Le maître de poste, Jean-Baptiste Drouet, qui a séjourné à Versailles, reconnaît le roi, mais ne réagit pas.
Dans son témoignage devant l'Assemblée constituante, le 24 juin 1791, il affirme :
« Je crus reconnaître la reine ; et apercevant un homme dans le fond de la voiture à gauche, je fus frappé de la ressemblance de sa physionomie avec l'effigie d'un assignat de 5 livres. »
Il ne se lance à la poursuite de la berline royale que lorsque la municipalité le mandate après délibération.
20 heures 10
Les deux voitures quittent le relais en direction de Clermont-en-Argonne où les attend un détachement de dragons commandé par le colonel Damas. Ceux-ci, pactisant avec la population, refusent les ordres et laisseront passer la berline. En fait Damas ayant parlé avec le roi, celui-ci souhaite rester incognito et relayer sans autre formalité, Damas se propose de le suivre à distance. Damas ne pourra prendre la route qu'avec quelques soldats.
21 heures
Constatant « qu'après avoir demandé des chevaux pour Verdun, ces voitures prenaient la route de Varennes », Jean-Baptiste Drouet et son ami Jean-Chrisosthome Guillaume montent à cheval. Ils se dirigent par la forêt d’Argonne vers le village des Islettes pour rejoindre Varennes-en-Argonne, où ils pensent que se dirigent les voitures royales. À Sainte-Menehould, les dragons sont désarmés sans résistance par la population.
22 heures 50
La berline royale s’arrête à l’entrée de Varennes pendant qu’un postillon cherche le relais.

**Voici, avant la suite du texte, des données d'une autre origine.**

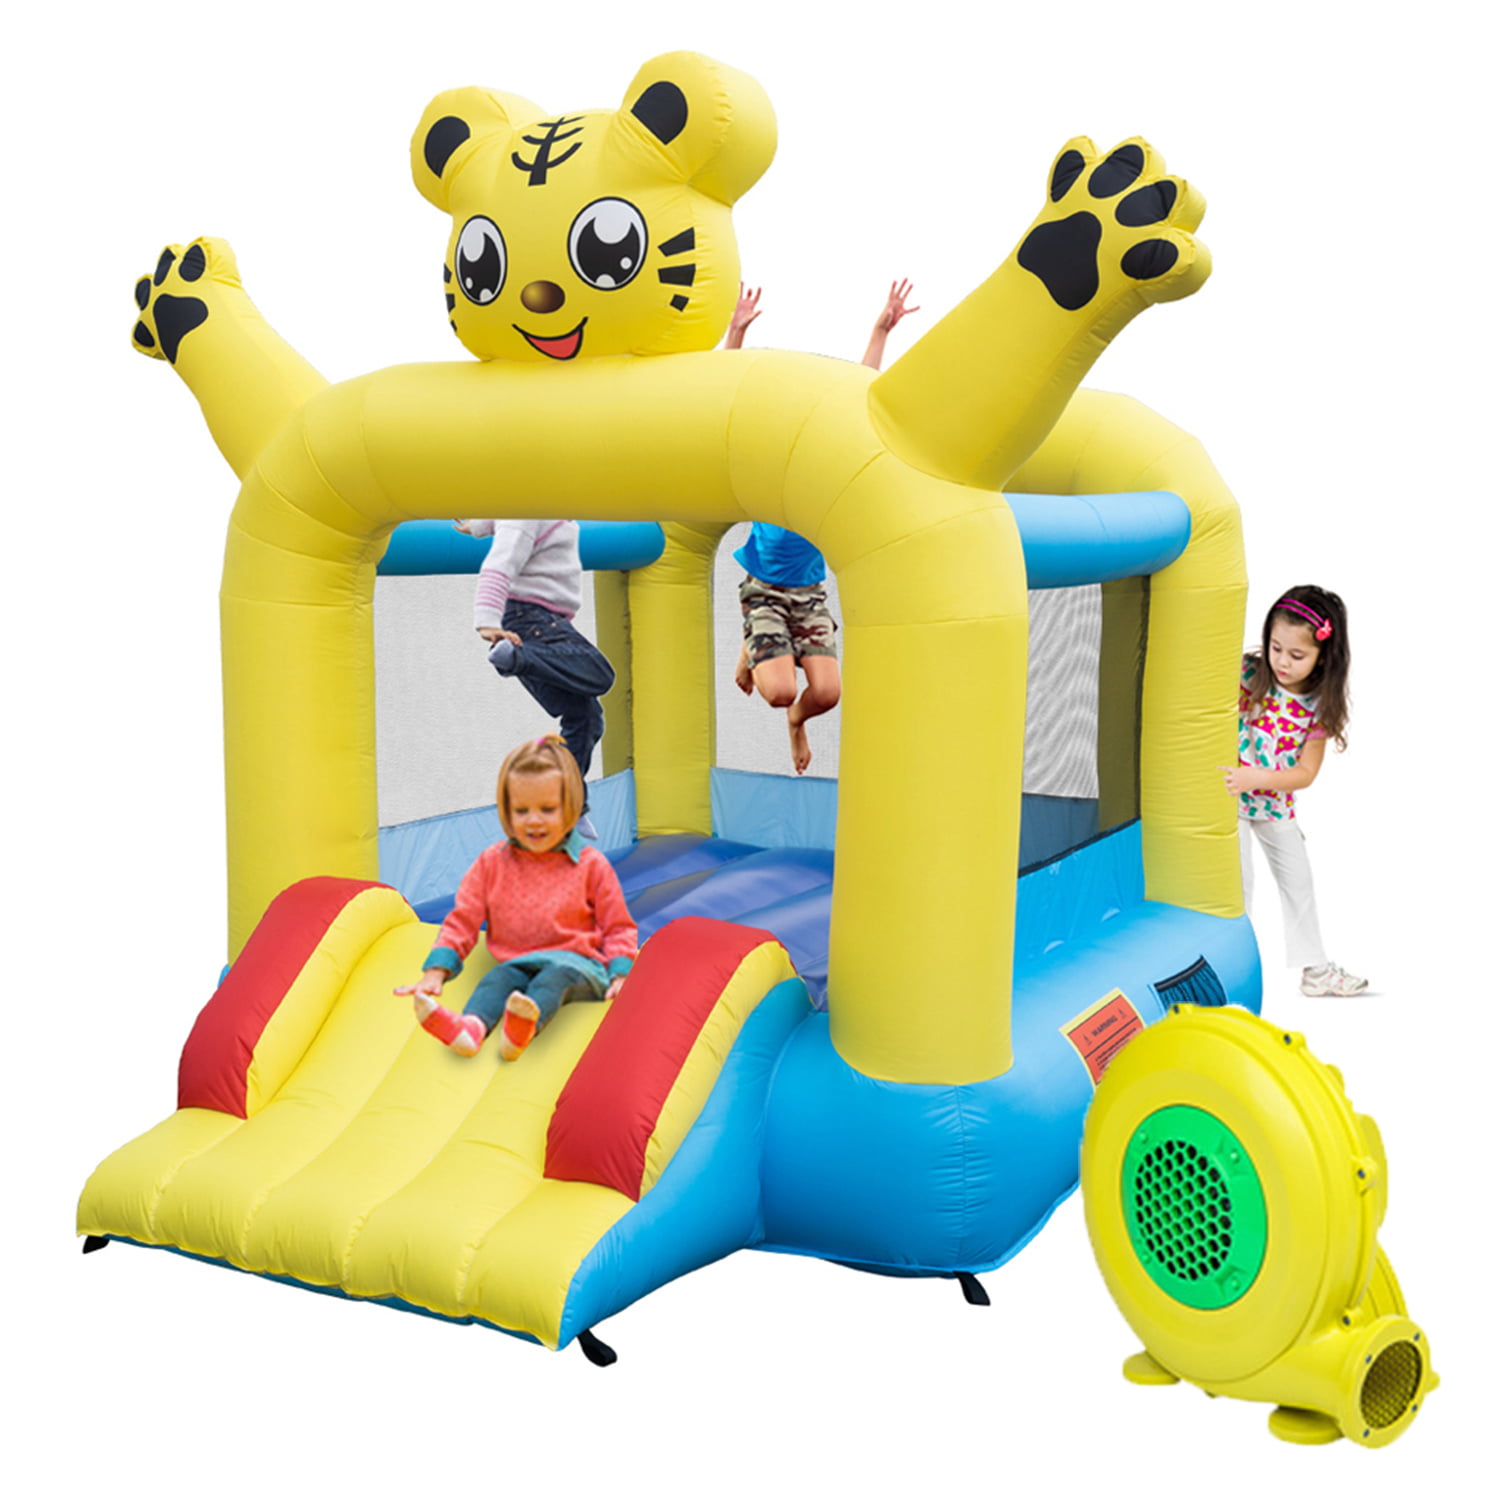 Details about   Inflatable Castle Bounce House Kids Slide Fun Jumping Playhouse with Air Blower

Les voyageurs sont étonnés de ne trouver aucun des cavaliers qui devaient les escorter.
Ils frappent à la maison de Monsieur de Préfontaines qui dit tout ignorer d’un relais.
En effet, ne voyant rien venir, le relais a été déplacé dans la ville basse, de l’autre côté du pont enjambant la rivière l’Aire.
22 heures 55
Jean-Baptiste Drouet et Jean-Chrisosthome Guillaume arrivent à Varennes, passent devant la berline arrêtée et avertissent le procureur-syndic, l’épicier Jean-Baptiste Sauce, que les voitures de la famille royale en fuite sont arrêtées en haut de la ville. Ils décident de barricader le pont de l’Aire, par lequel doit passer la berline royale. La garde nationale de Varennes se mobilise et son commandant, le futur général Radet, fait mettre deux canons en batterie près du pont.
23 heures 10
Les deux voitures de la famille royale sont immobilisées bien avant la barricade, avant la voûte de l’église Saint-Gégoult qui enjambe la rue.
Jean-Baptiste Sauce, sous la pression des patriotes qui se trouvaient à l’estaminet du « Bras d’or », oblige les voyageurs à descendre et les fait entrer dans sa maison qui est à quelques pas.
Le tocsin sonne, la garde nationale est mise en alerte. Bayon et Romeuf, qui depuis Paris portent l'ordre d'arrêter la famille royale, arrivent peu de temps après, ainsi que les hussards errants de Choiseul et Goguelat.